Like Rogers, pop, country and Christian music star B.J. Thomas grew up in Houston.

“Kenny and I were friends from the early ’60s when he was with the Bobby Doyle Trio, and I toured with him in the ’80s,” Thomas recalled via Facebook message. “He really was one of the all-time greatest recording artists, whose records were always great songs recorded with the best producers. And he was a generous guy, with a charming way about him--just a really cool guy. I thought a lot of him and will miss him very much.”

In 2010, Rogers, who was inducted into the Country Music Hall of Fame three years later, received the American Eagle Award from the National Music Council in recognition of his distinguished service to American music, and his career-long dedication to helping young singers and songwriters and charitable causes. One of those causes was WhyHunger, which was co-founded by Bill Ayres and late Harry Chapin.

Ironically, it was the day in 1981 that Chapin tragically died in a car crash that Rogers agreed to fund the World Hunger Media Award to honor print and electronic media for outstanding coverage positively impacting hunger, poverty and self-reliance. Presenting Rogers’ American Eagle Award, Ayres noted that WhyHunger was in grave danger of going under when Rogers stepped in to save it.

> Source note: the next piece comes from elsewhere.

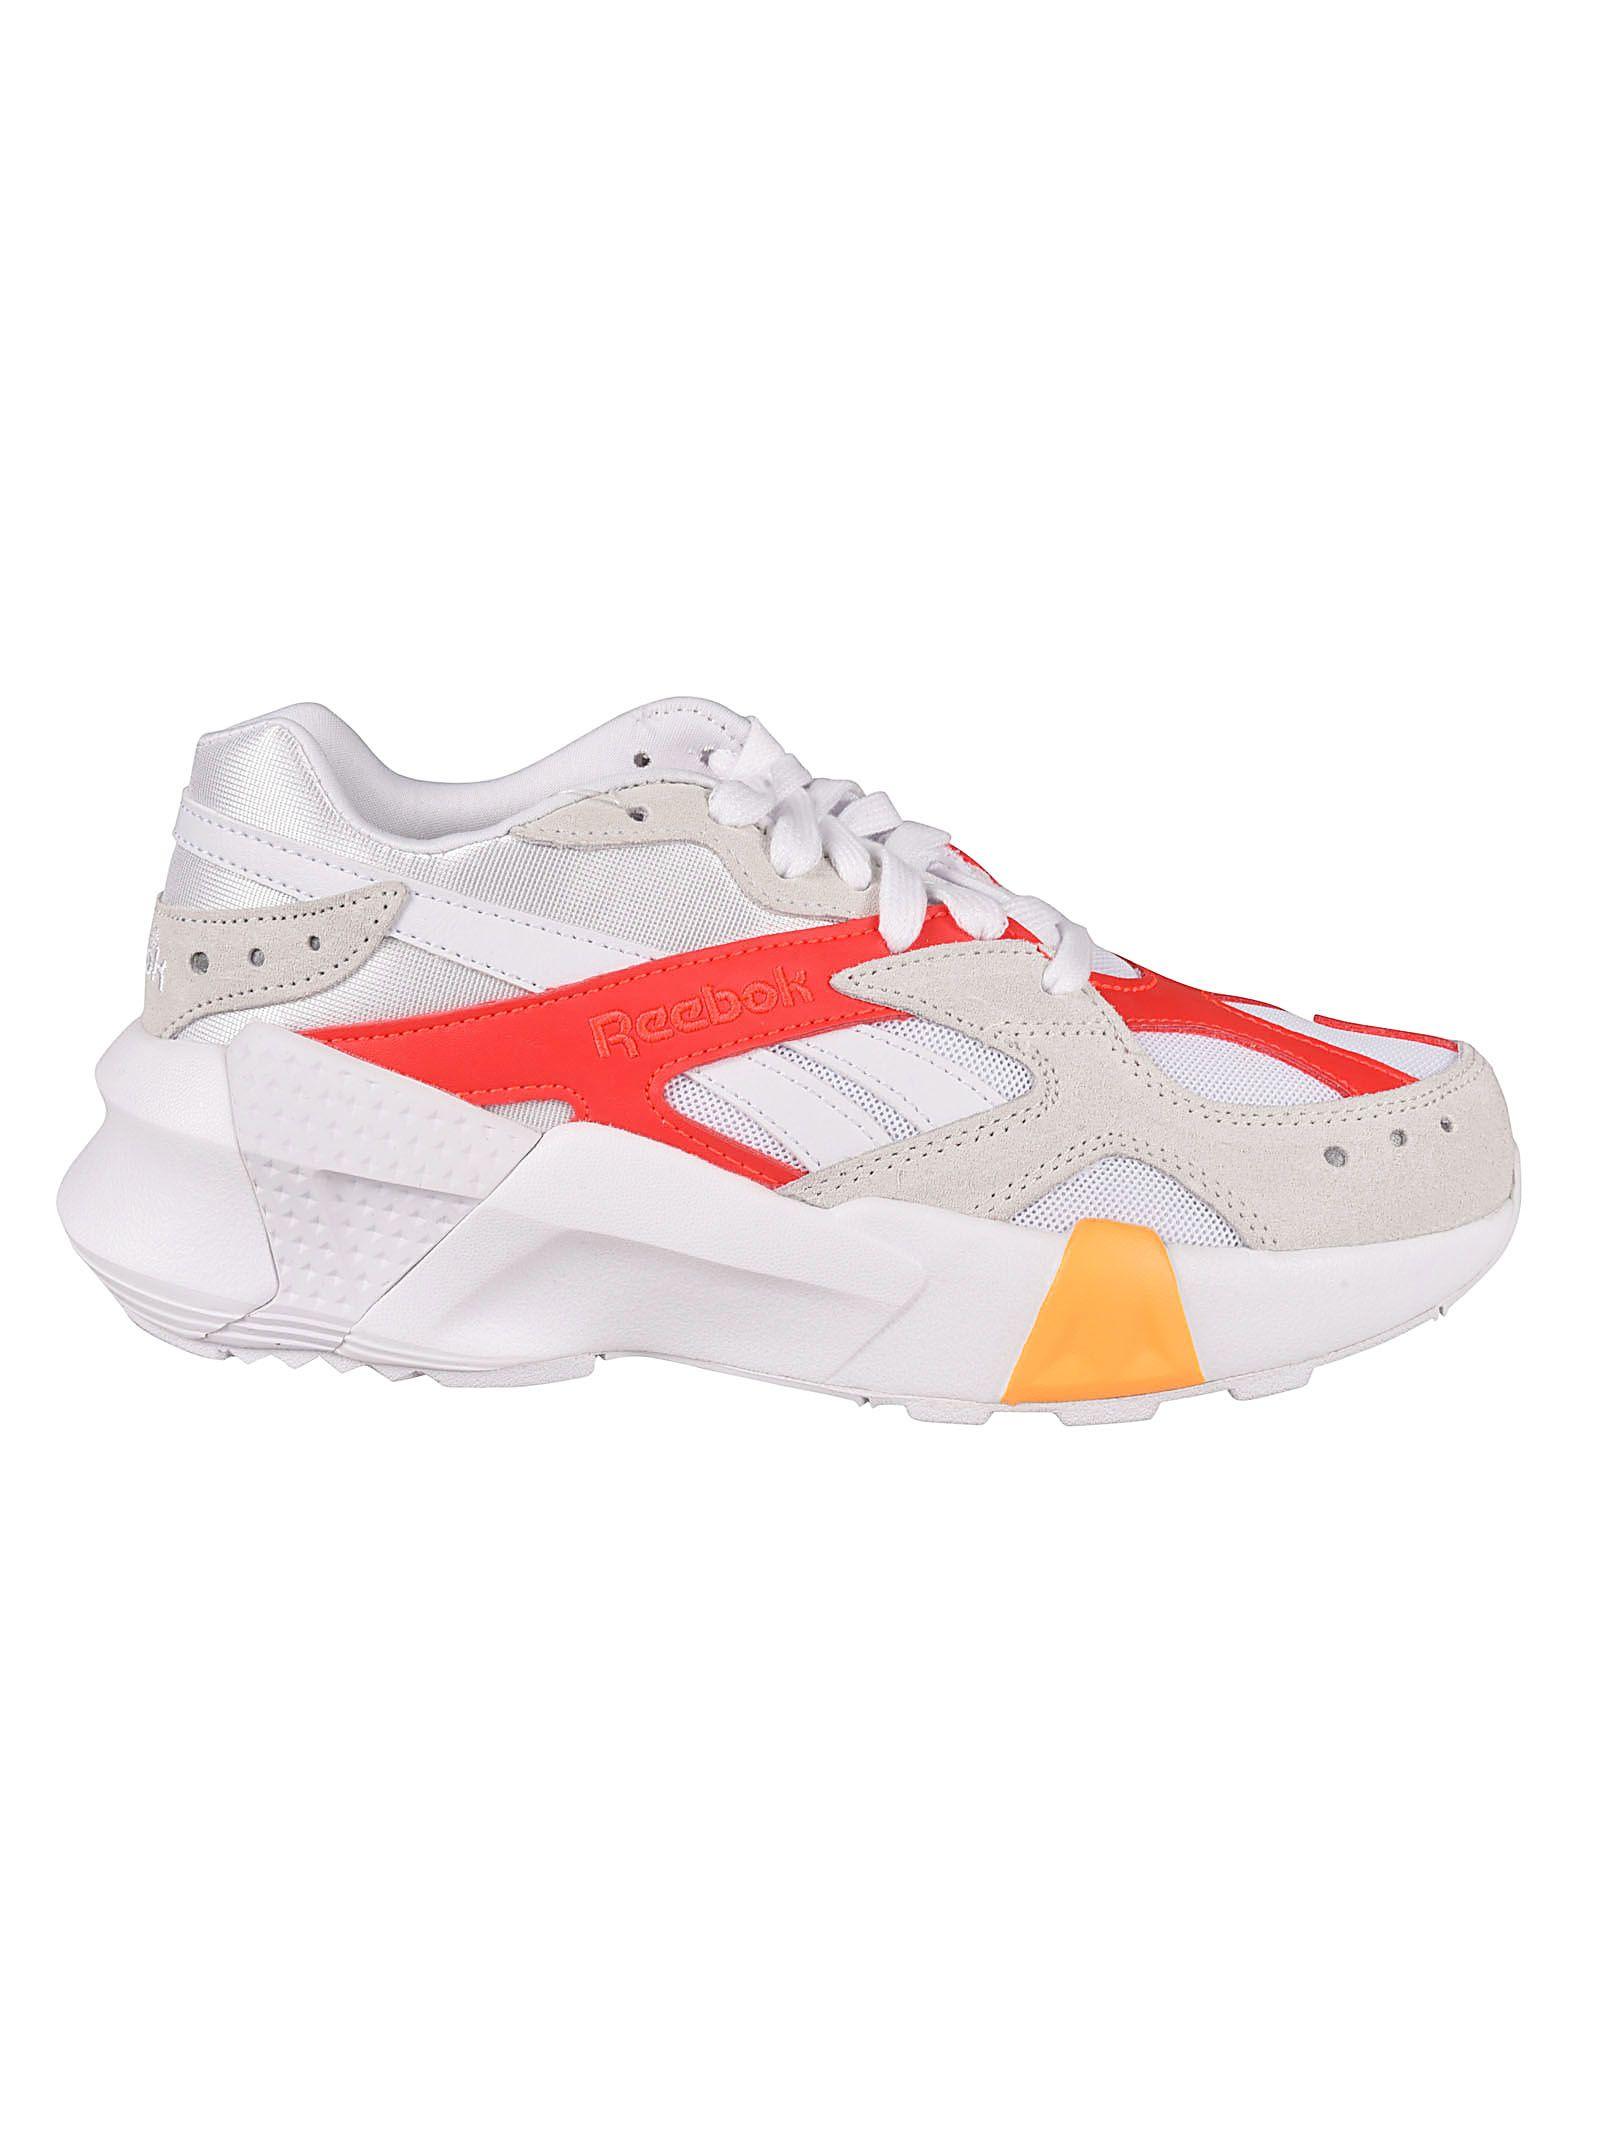 4e898a3eb96 Reebok Reebok Aztrek Double X Gigi Hadid Sneakers - Multicolor ...

“Because of Kenny, the organization survived,” said Ayres. “He didn’t give up after Harry died, and funded it for years after--and it was because of Kenny’s support, and then others coming in, that we survived and thrived.”

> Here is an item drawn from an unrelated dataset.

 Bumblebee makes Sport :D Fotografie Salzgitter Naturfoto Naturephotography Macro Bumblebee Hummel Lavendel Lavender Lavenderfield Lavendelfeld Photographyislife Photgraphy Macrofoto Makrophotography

Accepting the award, Rogers said that he’d been blessed by having “an alcoholic father with a great sense of humor,” and a mother who had only a third-grade education but gave him both a sense of values and an appreciation for music. He cited his involvement with Chapin in expressing his gratitude for the chance of meeting and spending time with “the great people in the music business.”

Chapin’s singer-songwriter daughter Jen Chapin concluded the presentation by singing one of Rogers’ great story songs, “Lucille.” On Twitter Saturday, two of Rogers’ biggest collaborators remembered him lovingly.

“Today I lost one of my closest friends,” posted Lionel Richie. “So much laughter, so many adventures to remember. My heart is broken.”

Tweeted Dolly Parton: “You never know how much you love somebody until they’re gone. I’ve had so many wonderful years and wonderful times with my friend Kenny, but above all the music and the success I loved him as a wonderful man and a true friend.”

Huge hits aside, Alexander selects as his Kenny Rogers favorite a song that appeared on his 1996 Christmas album The Gift and was a country duet hit by him and Wynonna Judd, “Mary, Did You Know?” Now a seasonal standard, it was written by Southern gospel greats Mark Lowry and Buddy Greene.

“It defines the finest attributes of Rogers’ music,” says Alexander. “It contains elements of country, pop, folk and gospel--just like Rogers himself. He really will be missed on so many levels.”

Adds Thomas: “Of course his music will live on--and we can be thankful for that. I was always proud to be his friend.”